Within the context of second order methods, gradient sub-sampling has been successfully applied in large scale machine learning, e.g., [5, 7, 8], as well as non-linear inverse problems, e.g., [22, 36]. By carefully increasing the sample size across iterations, the hybrid methods of [19] combine the inexpensive iterations of incremental gradient algorithms and the convergence of full gradient methods. Such careful increase of the sample size is one of the main ingredients of our analysis.
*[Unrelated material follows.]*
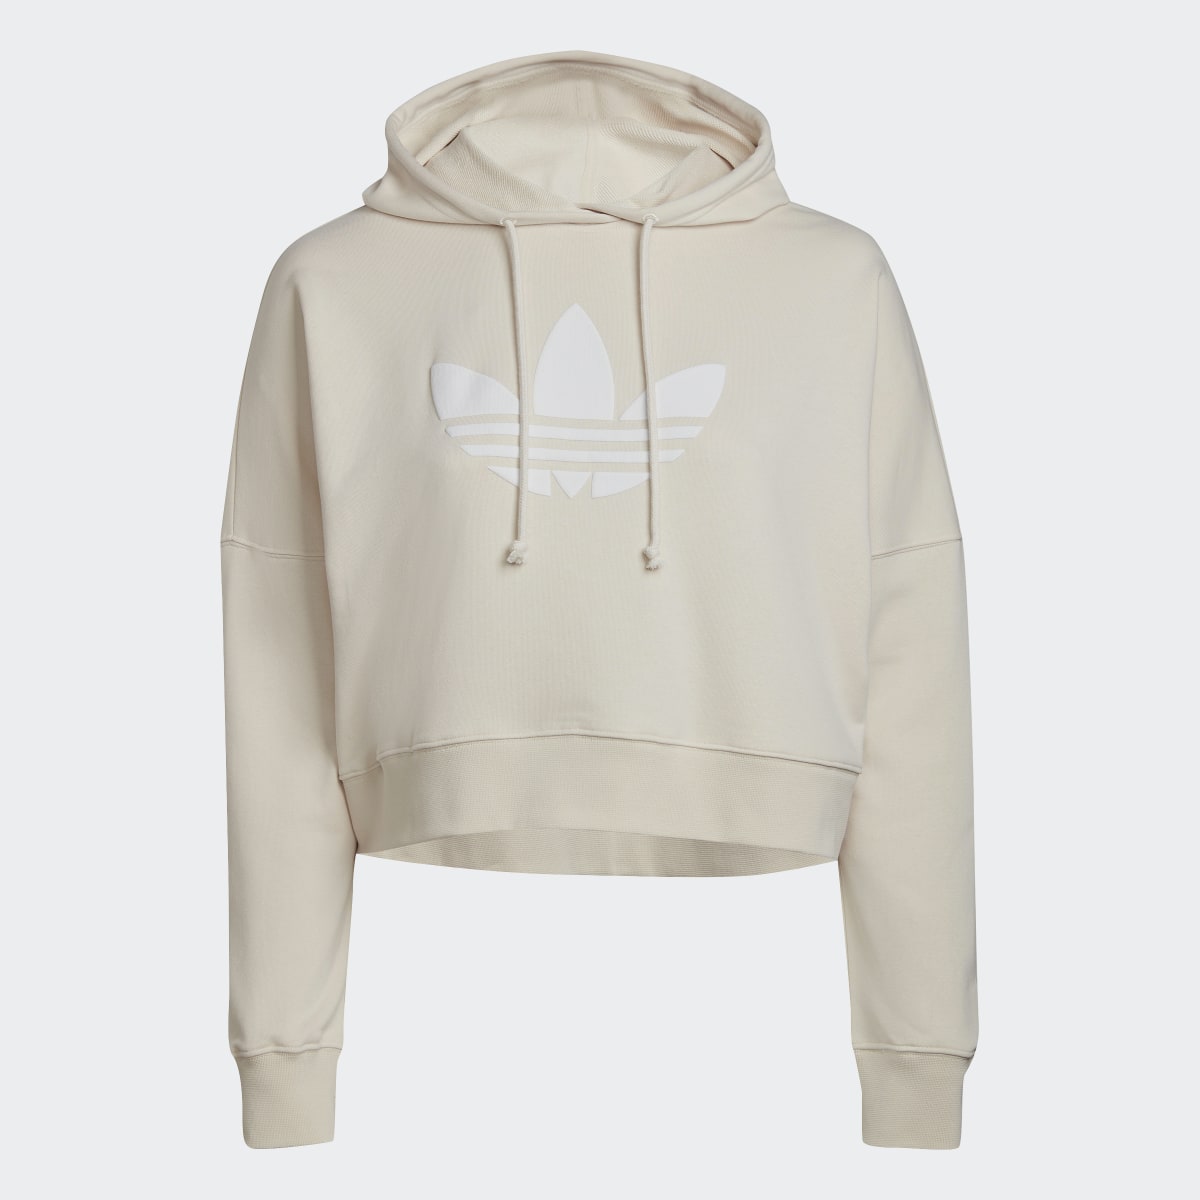 Adidas Cropped Hoodie (Plus Size). 5

Finally, inexact updates have been used in many second-order optimization algorithms; see [5, 9, 14, 17, 26] and references therein.
1.3 Contributions
In light of the related work, the main contributions of this paper are summarized as follows; see Table 1. We first consider the unconstrained version of (1) where \( {\mathscr {D}} = {\mathscr {C}} = {\mathbb {R}}^{p} \), and under certain assumptions, study non-asymptotic and high-probability global convergence of SSN with Armijo line search. Specifically, we consider the variants of SSN depicted in Algorithms 1 and 2. Theorems 1 and 3 give global convergence results for the case where the linear system arising from (2a) is solved exactly, Theorems 2 and 4 give similar results for inexact updates. For all these results, we only require that the objective F in (1) is strongly convex, while each component function, \(f_i\), is allowed to be only (weakly) convex. This is a relaxation over all previous work where strong convexity is assumed for all\(f_{i}\)’s.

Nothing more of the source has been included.